The data framework included a HIPAA and PIPEDA Compliant Cloud architecture for retaining and processing the intraoperative de-identified data through a Cloud platform (Microsoft Azure, Microsoft USA) with secure authentication through organizational credentials. In addition, an installable web/mobile application was developed to monitor the force-related data/features, which is available at smartforceps-app.azurewebsites.net.

Workflow architecture

To quantify the behavior of force profiles for pattern recognition and performance analysis, we developed machine learning models for segmenting and recognizing the patterns of intra-operative force profiles. The models make no assumption about the underlying pattern in force data and hence are robust to noise. The framework enables modeling a complex structure in our non-stationary time-series data, where data characteristics including mean, variance, and frequency change over time. Figure 1 shows the workflow architecture from data recording to modeling and visualization.

Figure 1
figure 1

Workflow architecture of SmartForceps platform from data recording to modeling and visualization. Forces of tool-tissue interaction along with de-identified case information were uploaded to a HIPAA-compliant data storage and analytics platform. Force data were manually segmented and labeled by listening to the surgeon’s voice recordings, where surgeon names, surgical tasks, and important incidents were narrated. The AI modeling architecture included Auto Data Preprocessing (e.g., Data Balancing, Outlier Removal, Data Transformation, etc.), Feature Engineering, Data Modeling (T-U-Net for force profile segmentation (T-U-Net: Time-series-U-Net); XGBoost, LSTM and FTFIT (Force Time-series Feature-based InceptionTime) for pattern recognition), and Modeling Optimization and Performance Evaluation, which were integrated into the cloud platform to generate performance evaluation reports to the surgical team. A detailed description of selected processes in the figure has been described in the Supplementary Materials. Visualization was created in Microsoft PowerPoint version 16.49 with the icons obtained from a Google search: e.g., https://www.iconfinder.com.
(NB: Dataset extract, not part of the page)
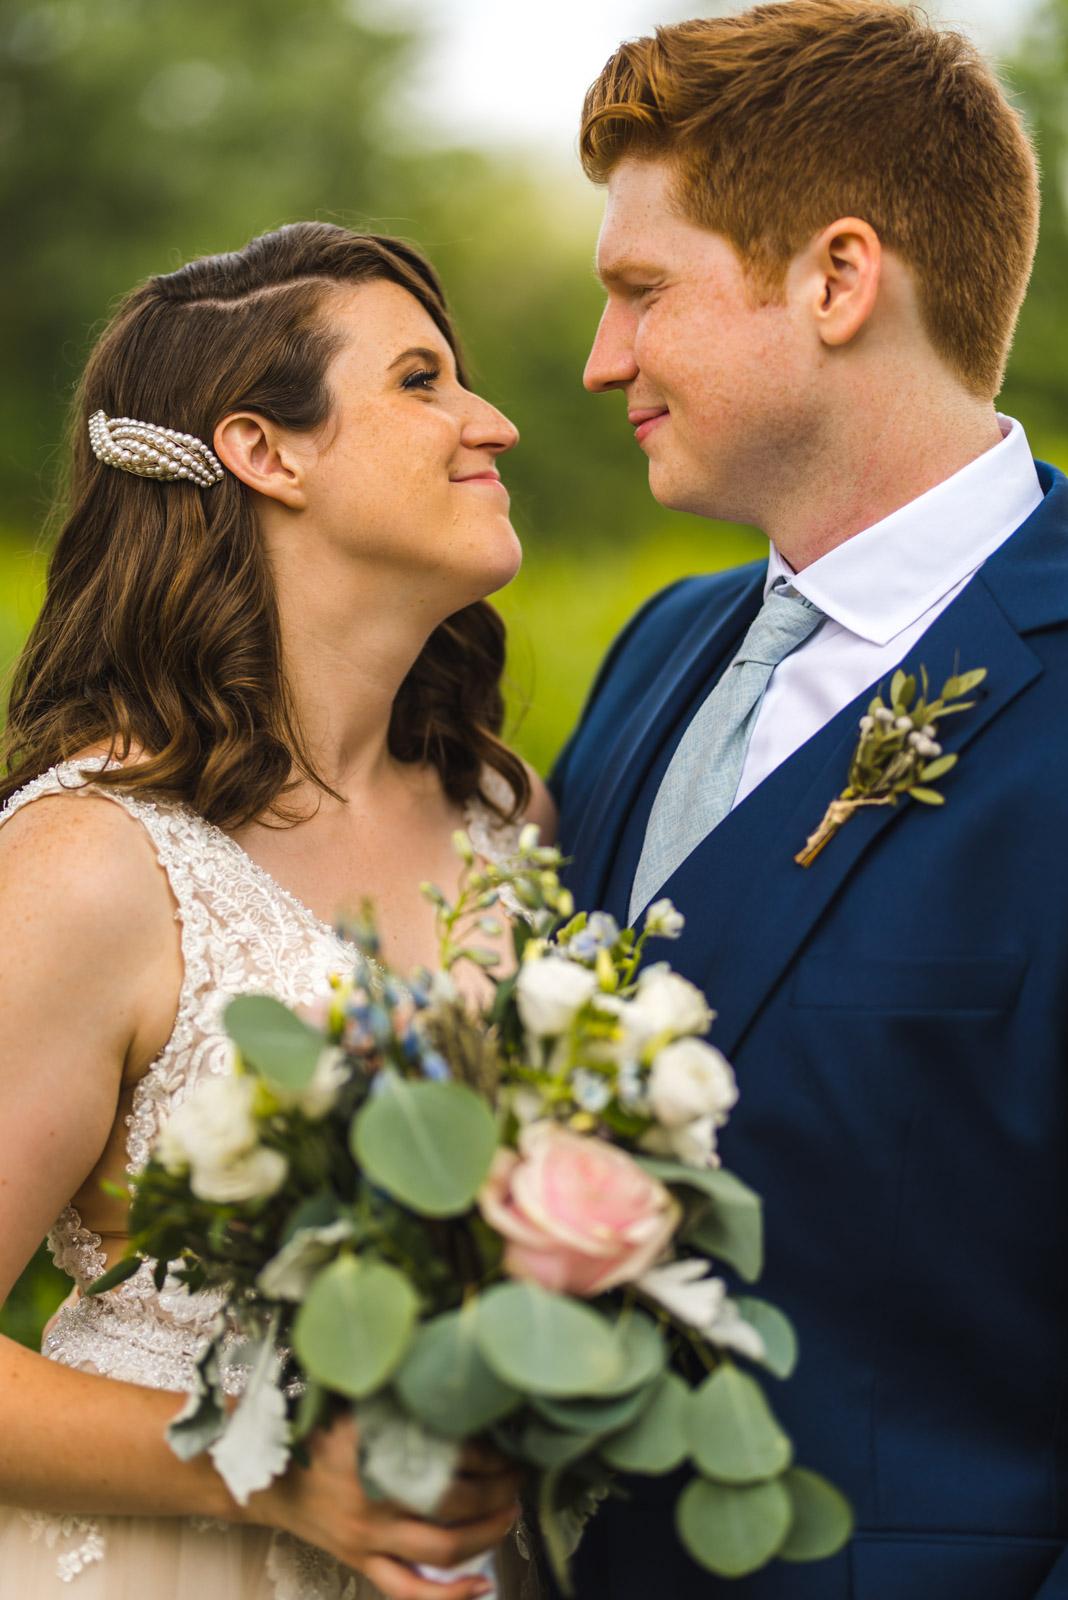 Emerson & Elicia's Golf Course Wedding Aidan & Leanne Hennebry Hamilton Wedding Videographers Photographers Niagara Hush Hush Photography & Film-47.jpg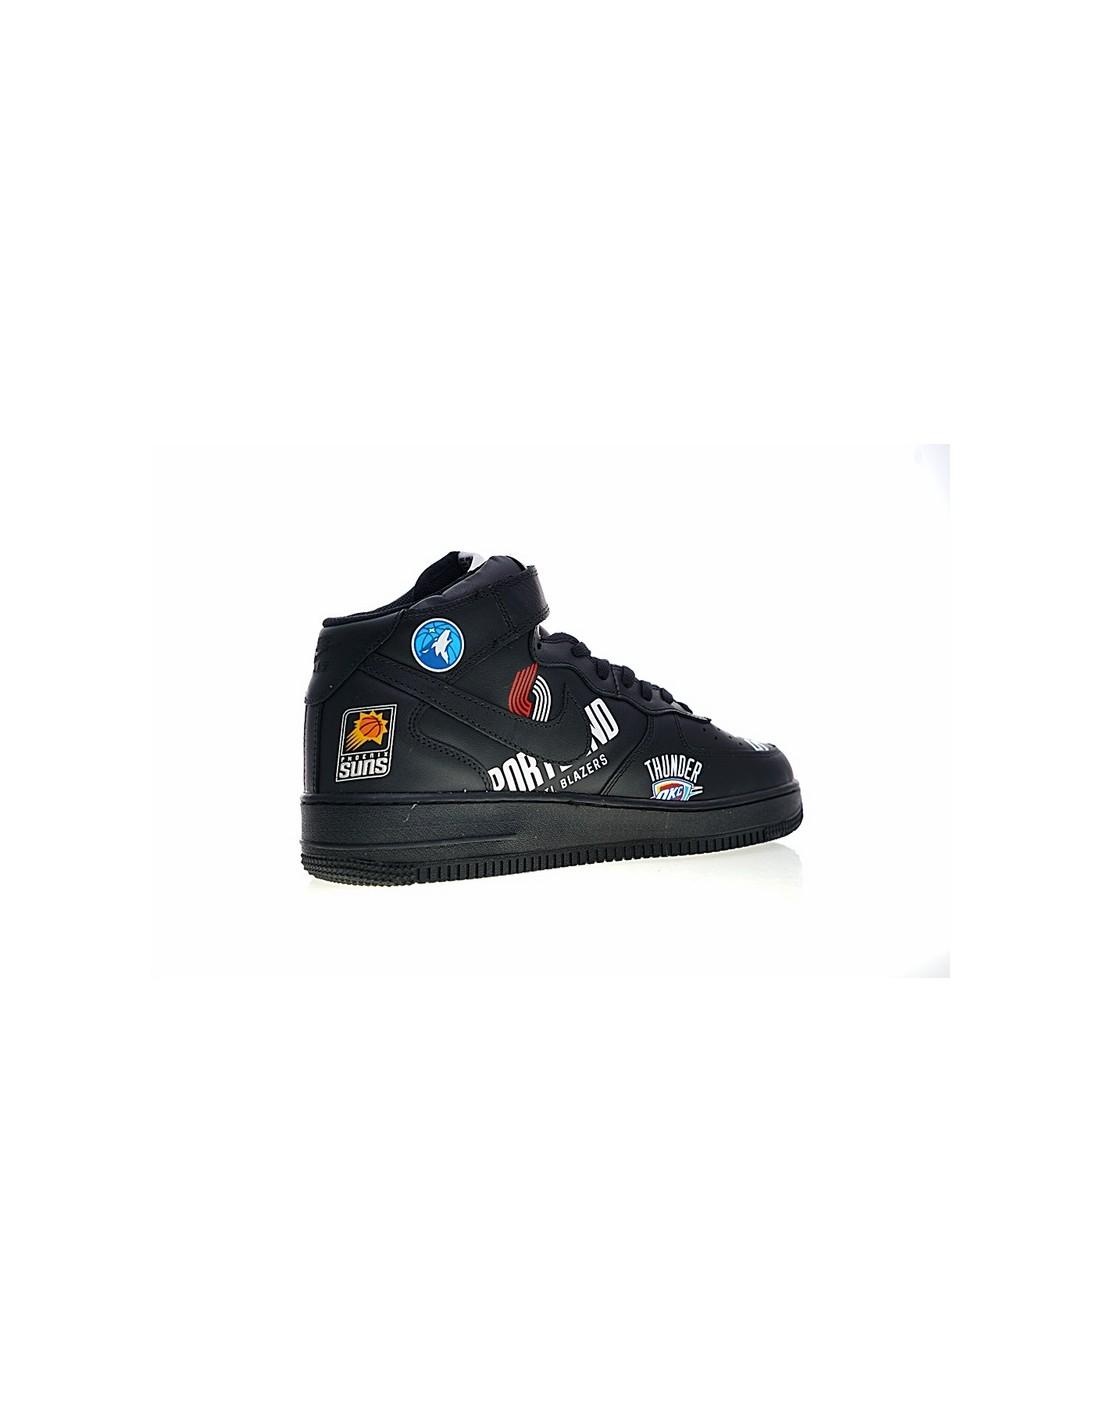 Air Force 1 AF1 Mid x Supreme x NBA

Force profile segmentation

The force data points labeled as ON or OFF were included for analysis after applying rule-based data balancing (Figure S1, detailed in Supplementary Materials). To transform data to a normal distribution, i.e., Gaussian with zero mean and unit variance, and to eliminate the dominant effect of larger variance in a specific signal, feature normalization of the left and right prong force was performed by removing the mean and scaling to unit variance. This allowed standardization of corresponding values. Data preparation comprised of normalization and reshaping into windows of 224 data points which ended up with approximately 5.9 K resampled force windows. Following this, the segment labels were encoded, and a one-hot encoding schema was implemented. Finally, a 80% (20% validation)—20% split with a random seed was performed to split the data into training-validation and testing samples. A custom-designed U-Net (T-U-Net: Time-series-U-Net; U-Net is a dominant model for image segmentation28) model was trained and implemented that consisted of a convolutional encoder and decoder structure to capture the properties and reconstruct the force profile. Grid search was performed for hyperparameter tuning (Figures S2, S3, detailed in Supplementary Materials).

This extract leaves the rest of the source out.